LLM-powered agents are non-deterministic. The same prompt might call search_flights then confirm_booking today, but skip straight to confirm_booking tomorrow. traceix makes that observable and enforceable:

  • Declare the expected trajectory in YAML — which tools, in what order, with what args.
  • Run it in CI — the agent still calls the real LLM; only the tool responses are mocked.
  • Get a clear pass/fail — no prompt-engineering an evaluator, no statistical thresholds.

Quick start

pip install traceix
traceix init          # detects your framework, scaffolds traceix.yaml + tests/example.yaml

Write a test (tests/book_flight.yaml):

name: book-flight-basic
input: "Book me the cheapest flight from NYC to SFO"

mocks:
  search_flights:
    return: { flights: [{ id: F1, price: 390 }, { id: F2, price: 420 }] }
  confirm_booking:
    return: { booking_id: BK-001, status: confirmed }

expected:
  trajectory:
    mode: contains        # these steps must appear in order (others allowed)
    steps:
      - tool: search_flights
        args: { origin: NYC, destination: SFO }
        arg_mode: partial  # only check the keys listed above
      - tool: confirm_booking
        arg_mode: ignore
  forbidden_tools: [cancel_booking]

Run it:

traceix run tests/ --handler mypackage.agent:run
  ✓  book-flight-basic   1/1   2 steps   142ms
  ──────────────────────────────────────────────
  1 passed · 0 failed

Integration

tools= parameter (any framework)

Your agent handler accepts a tools list injected by traceix:

# mypackage/agent.py
def run(input: str, tools: list) -> str:
    graph = build_graph(tools)   # rebuild with injected (mocked) tools
    result = graph.invoke({"messages": [HumanMessage(content=input)]})
    return result["messages"][-1].content

@traceix_tool decorator (LangChain / LangGraph)
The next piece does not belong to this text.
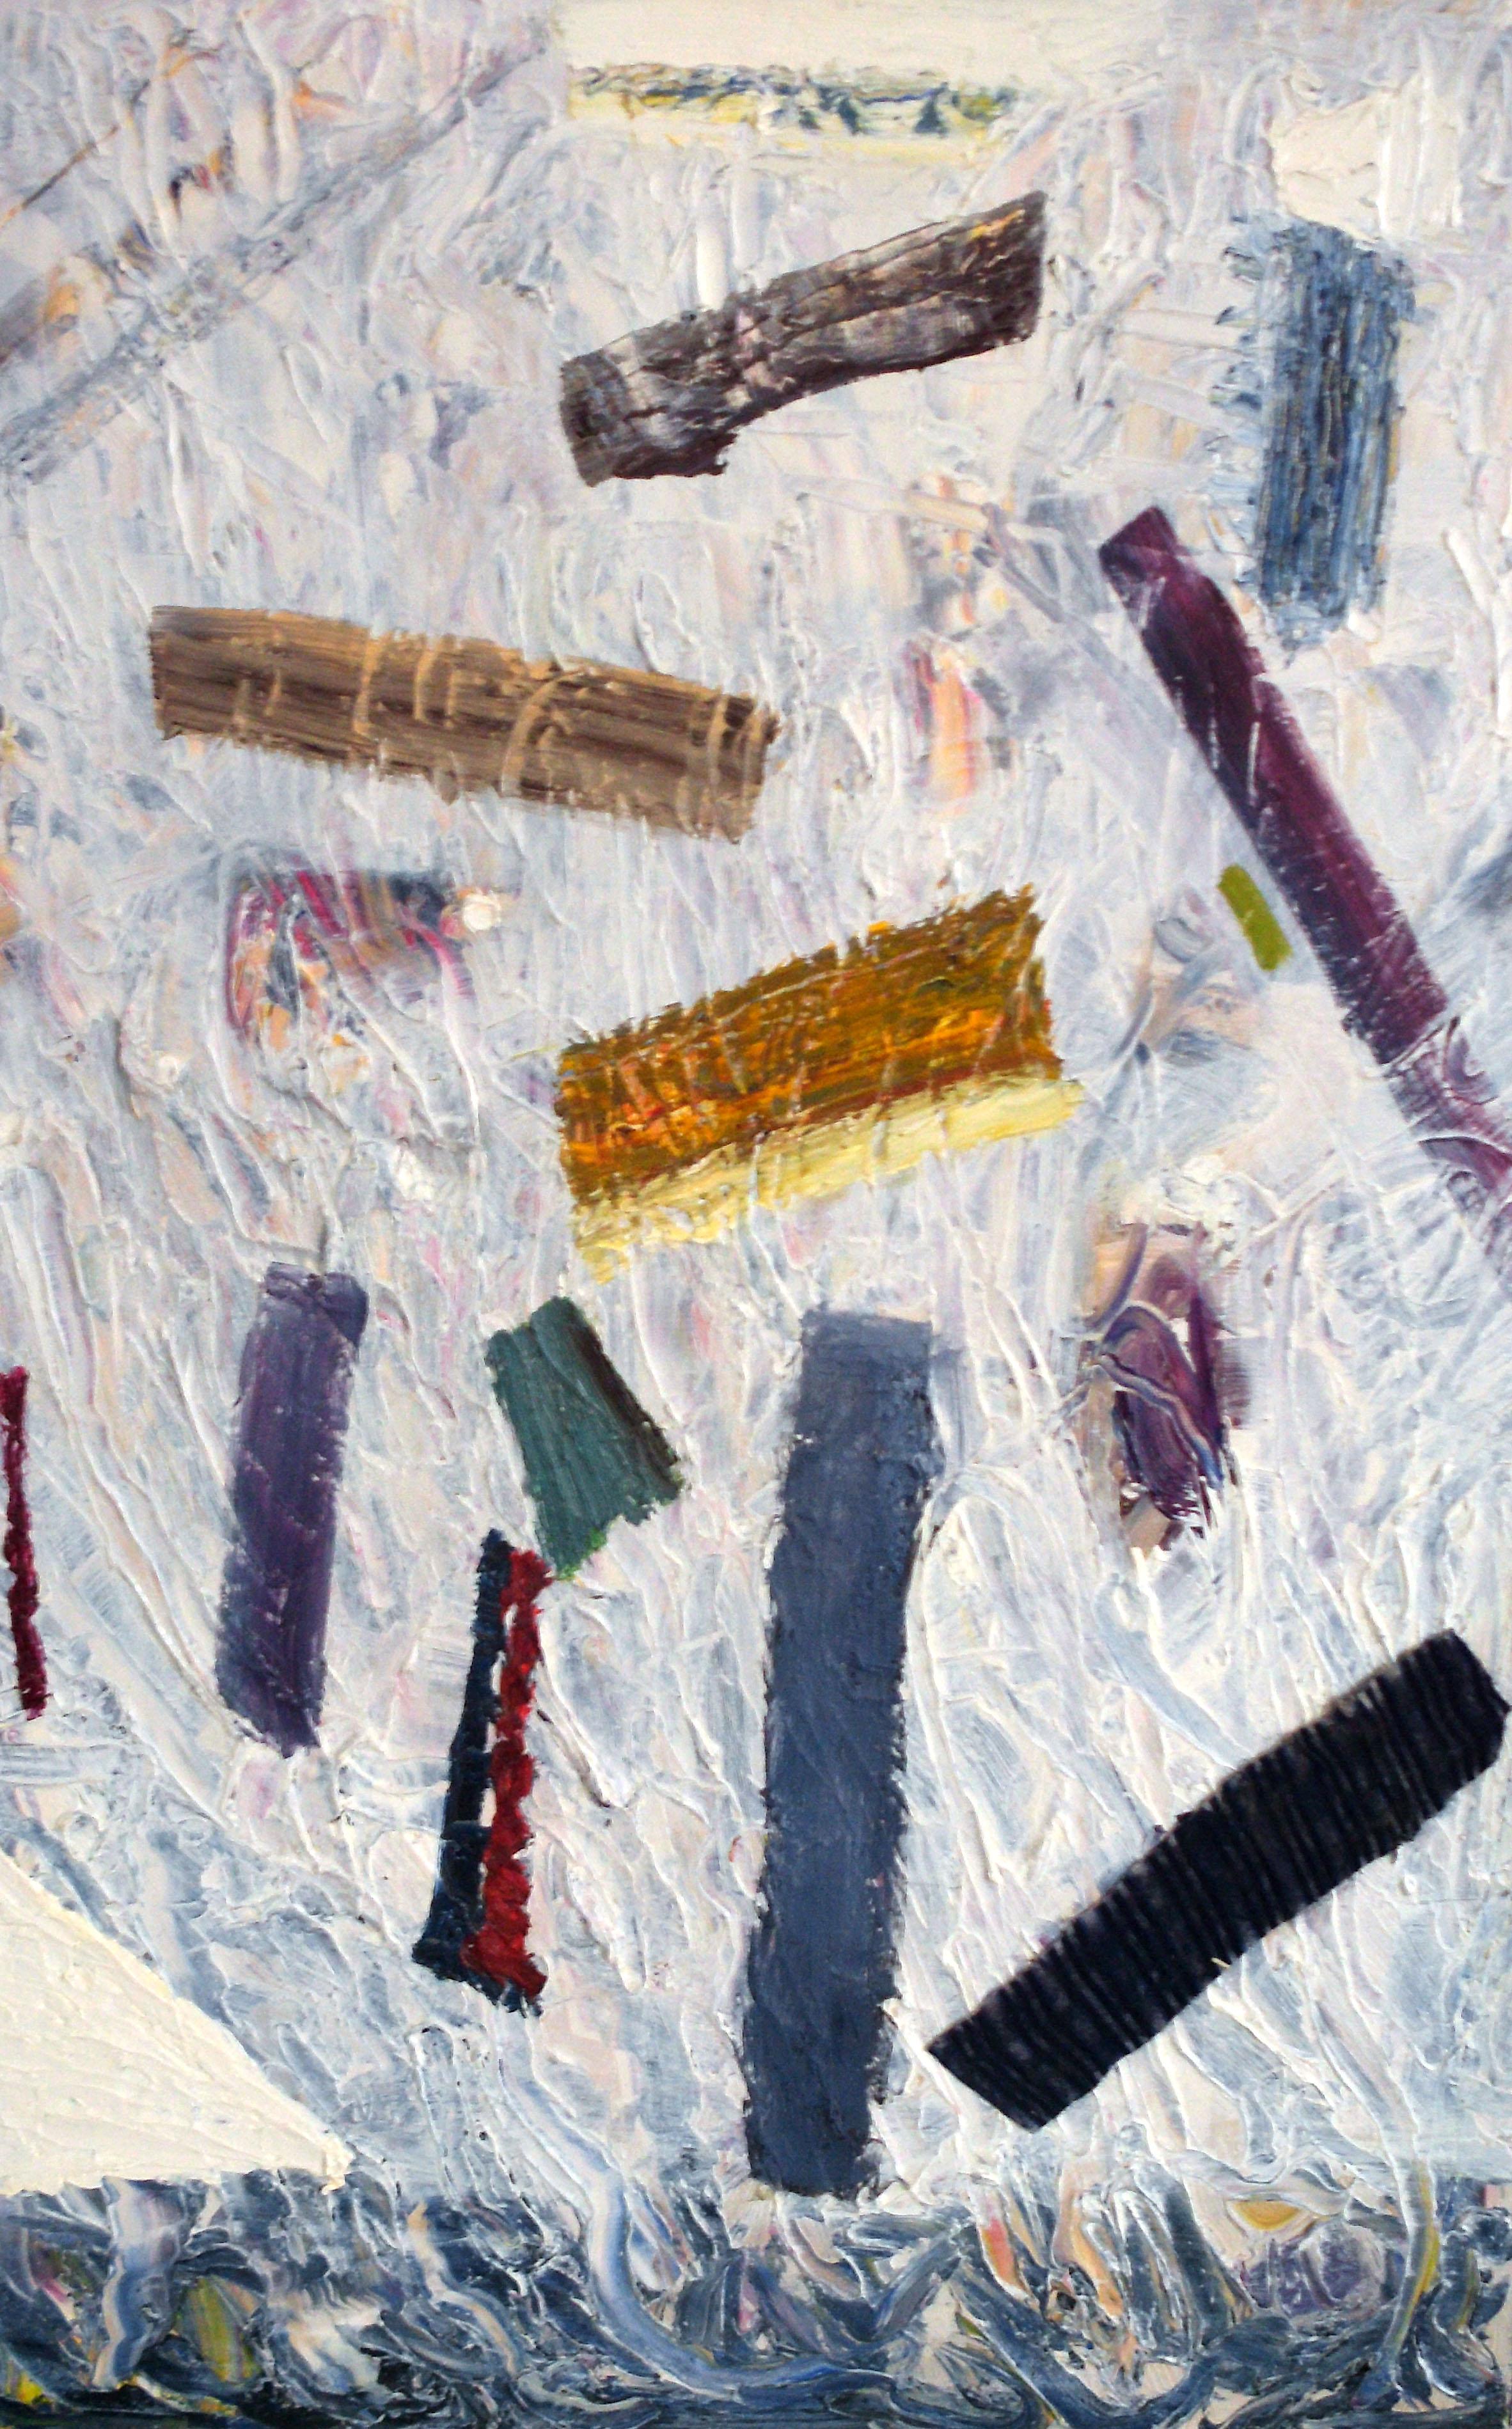 Strawalde - Tafelbild | Öl auf Leinwand | 2010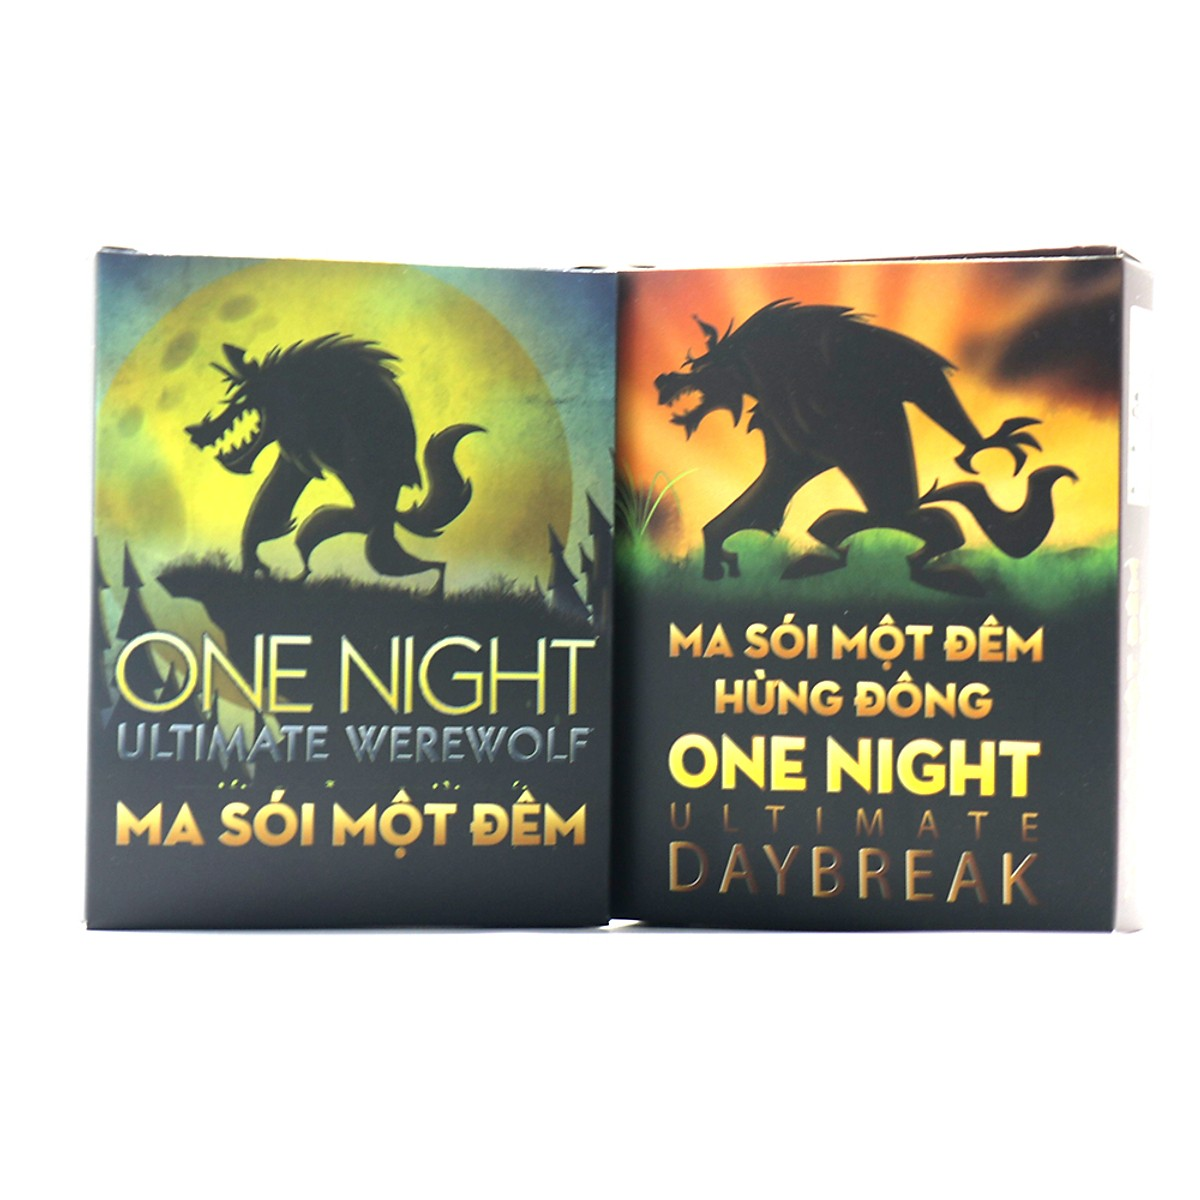 Combo ma sói một đêm One Night + DayBreak Việt Hóa

No handler signature changes needed — just decorate your tools:

from langchain_core.tools import tool
from traceix import traceix_tool

@traceix_tool
@tool
def search_flights(origin: str, destination: str) -> dict:
    """Search available flights."""
    ...  # real implementation

traceix patches the mock in during test runs automatically.


CLI commands

Command What it does
traceix init Detect framework, scaffold traceix.yaml + example test
traceix run tests/ Run tests, exit 0 on pass / 1 on fail
traceix run tests/ --fixture record Save real tool responses to .traceix/fixtures/
traceix run tests/ --fixture replay Replay recorded responses in CI
traceix snapshot tests/ Save golden trajectory baselines
traceix check tests/ Compare live run against saved baselines
traceix compare tests/ --a "model=X" --b "model=Y" A/B test two model configs side by side

Trajectory modes

Mode Meaning
strict Exact tool order and count
contains Listed steps must appear in order (extra steps allowed)
unordered All steps present, any order
within Steps appear as a contiguous block

Arg modes

Mode Meaning
exact Args must match exactly
partial Listed keys must be present with matching values
ignore Args not checked

Framework support

Framework Integration
LangGraph @traceix_tool decorator or tools= injection
CrewAI tools= injection
Anthropic SDK tools= injection
OpenAI SDK tools= injection
Any other tools= injection

Configuration

Set defaults in traceix.yaml (or [tool.traceix] in pyproject.toml):

handler: mypackage.agent:run
runs: 3          # runs per test case (increase in CI for confidence)
tolerance: 0.67  # fraction of runs that must pass
fixture_mode: replay

License

MIT

Project details


Download files

Download the file for your platform. If you're not sure which to choose, learn more about installing packages.

Source Distribution

traceix-0.1.0.tar.gz (30.9 kB view details)

Uploaded Source

Built Distribution

If you're not sure about the file name format, learn more about wheel file names.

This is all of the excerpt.